■ **TASK DETAILS**
Print the whole listing below exactly as given, pictures excluded.

■ **SUPPLIED MATERIAL**
********

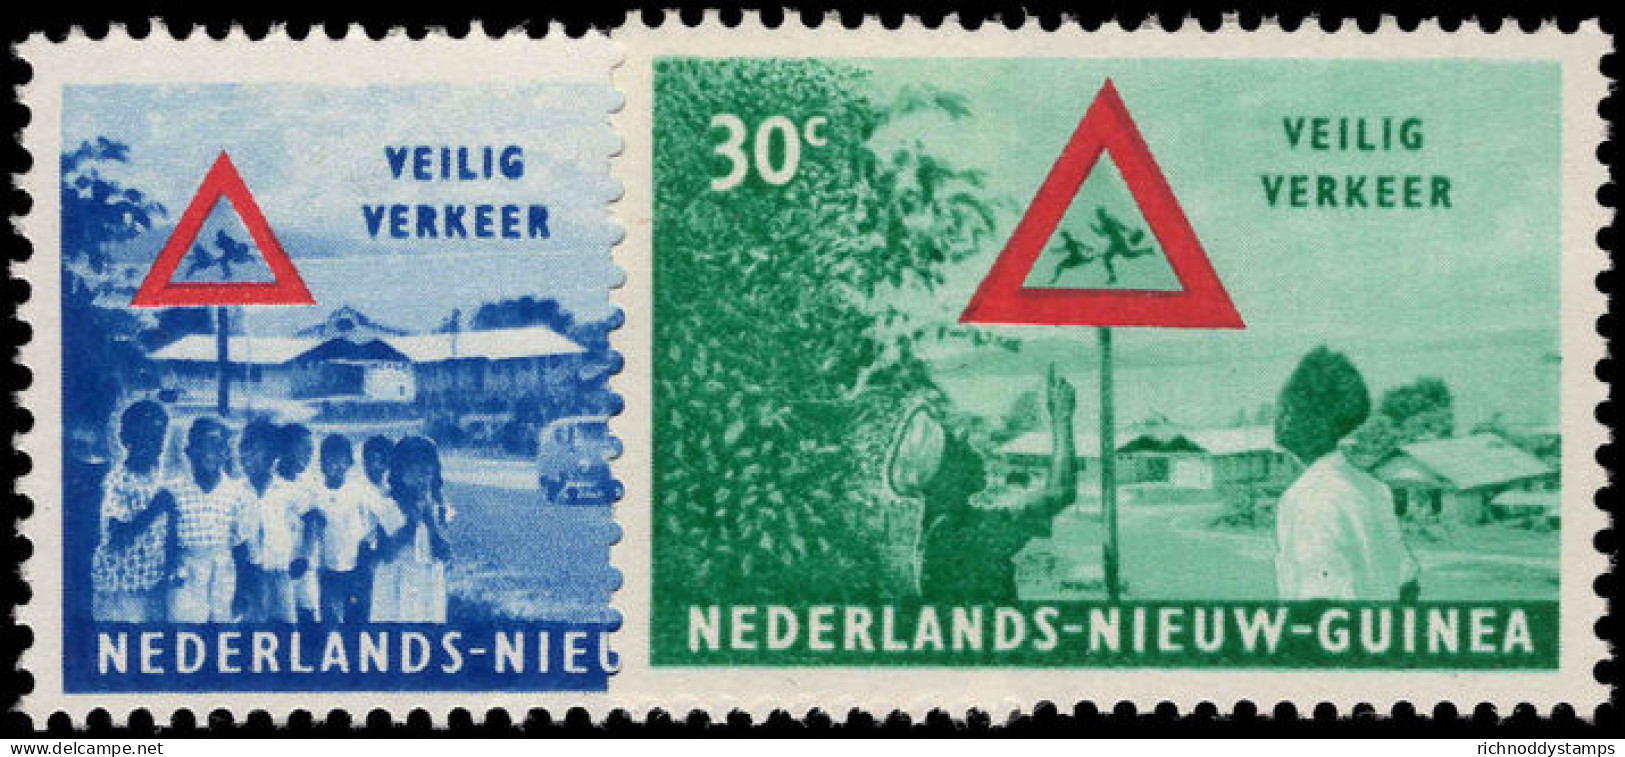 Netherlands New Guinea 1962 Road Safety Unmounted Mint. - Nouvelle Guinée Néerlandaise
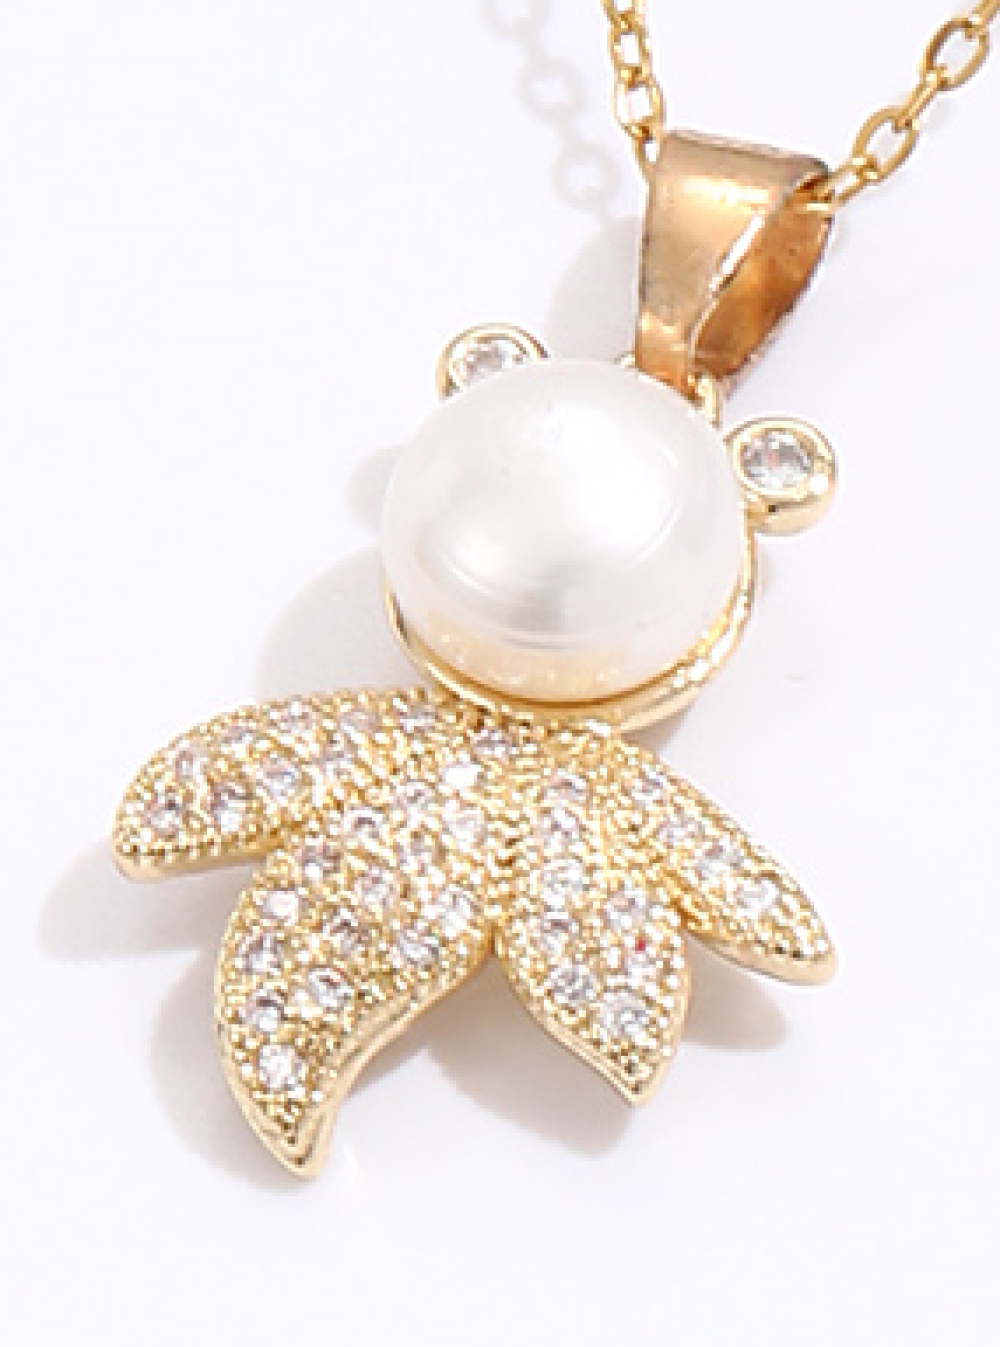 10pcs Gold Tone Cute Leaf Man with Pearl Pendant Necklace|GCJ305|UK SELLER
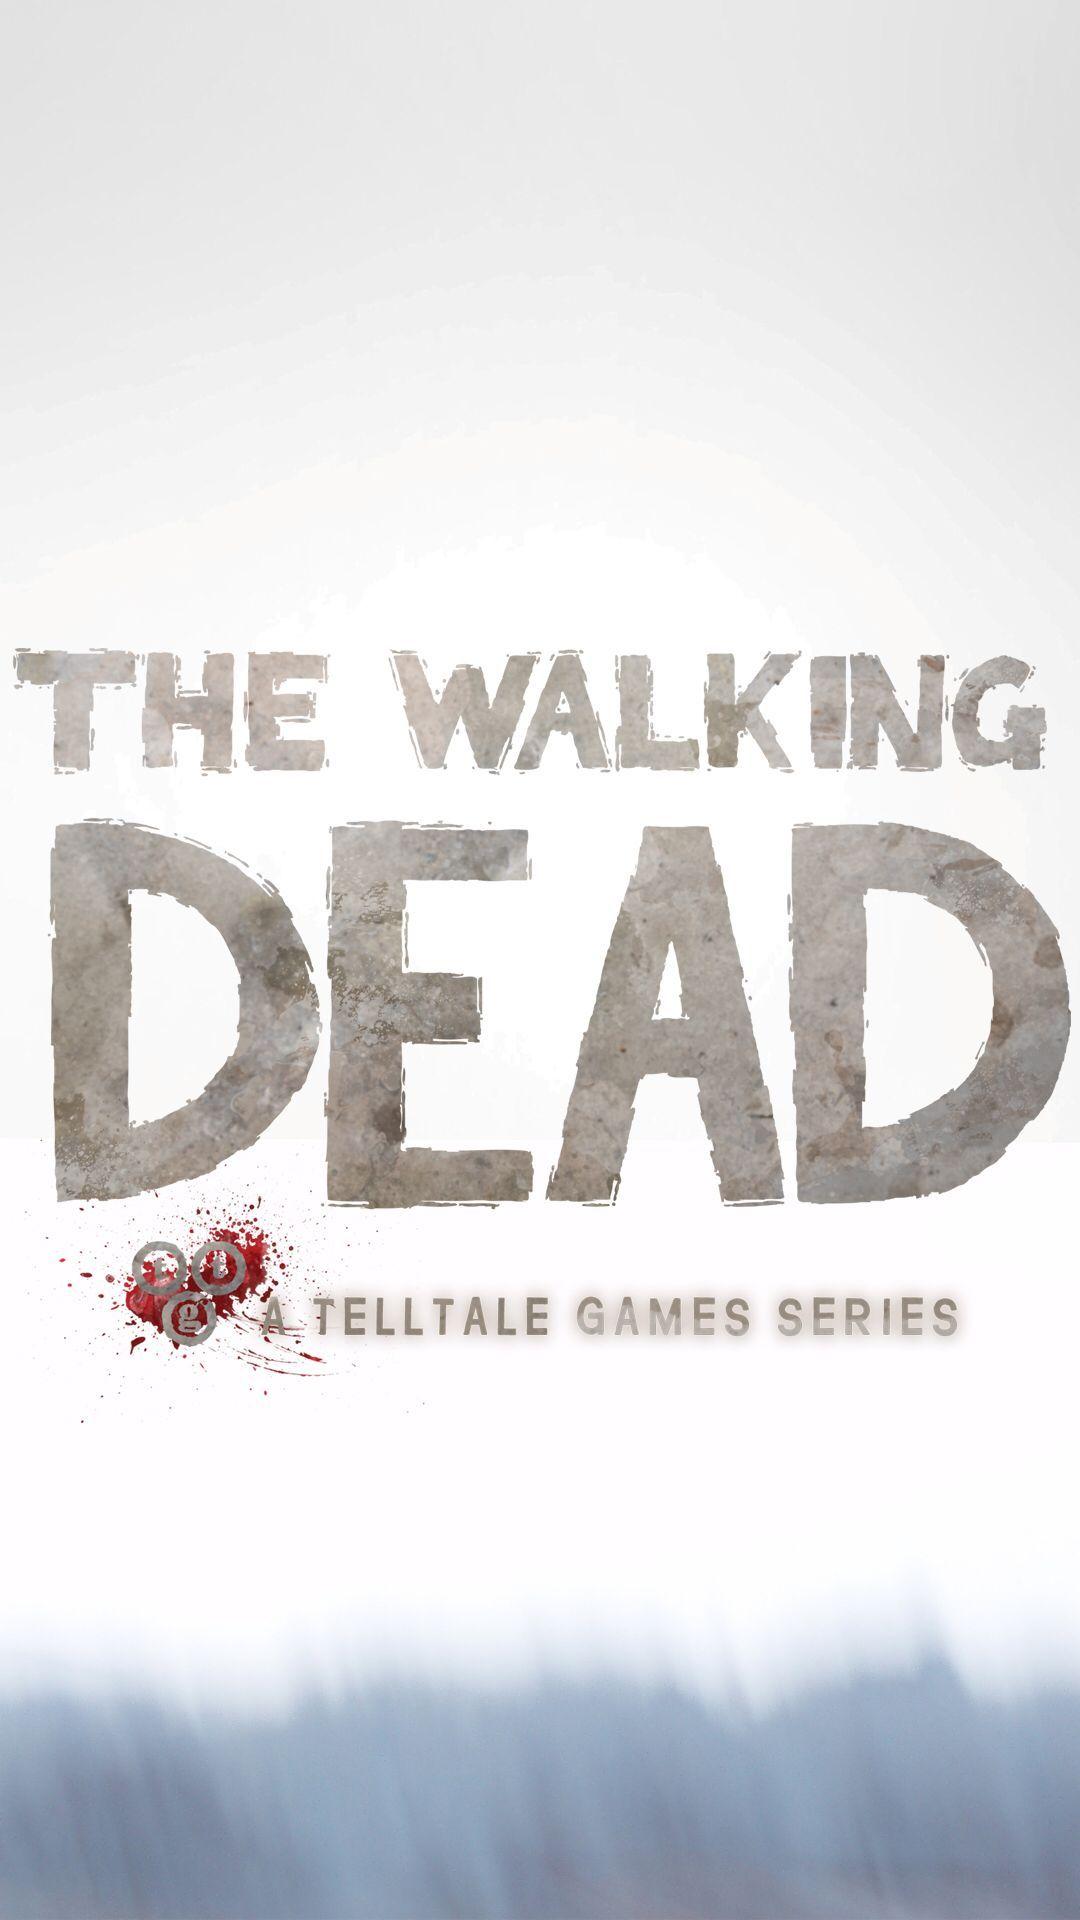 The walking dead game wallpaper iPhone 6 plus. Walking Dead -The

********

■ **YOUR SOLUTION**
 Netherlands New Guinea 1962 Road Safety Unmounted Mint. - Nouvelle Guinée Néerlandaise
 10pcs Gold Tone Cute Leaf Man with Pearl Pendant Necklace|GCJ305|UK SELLER
 The walking dead game wallpaper iPhone 6 plus. Walking Dead -The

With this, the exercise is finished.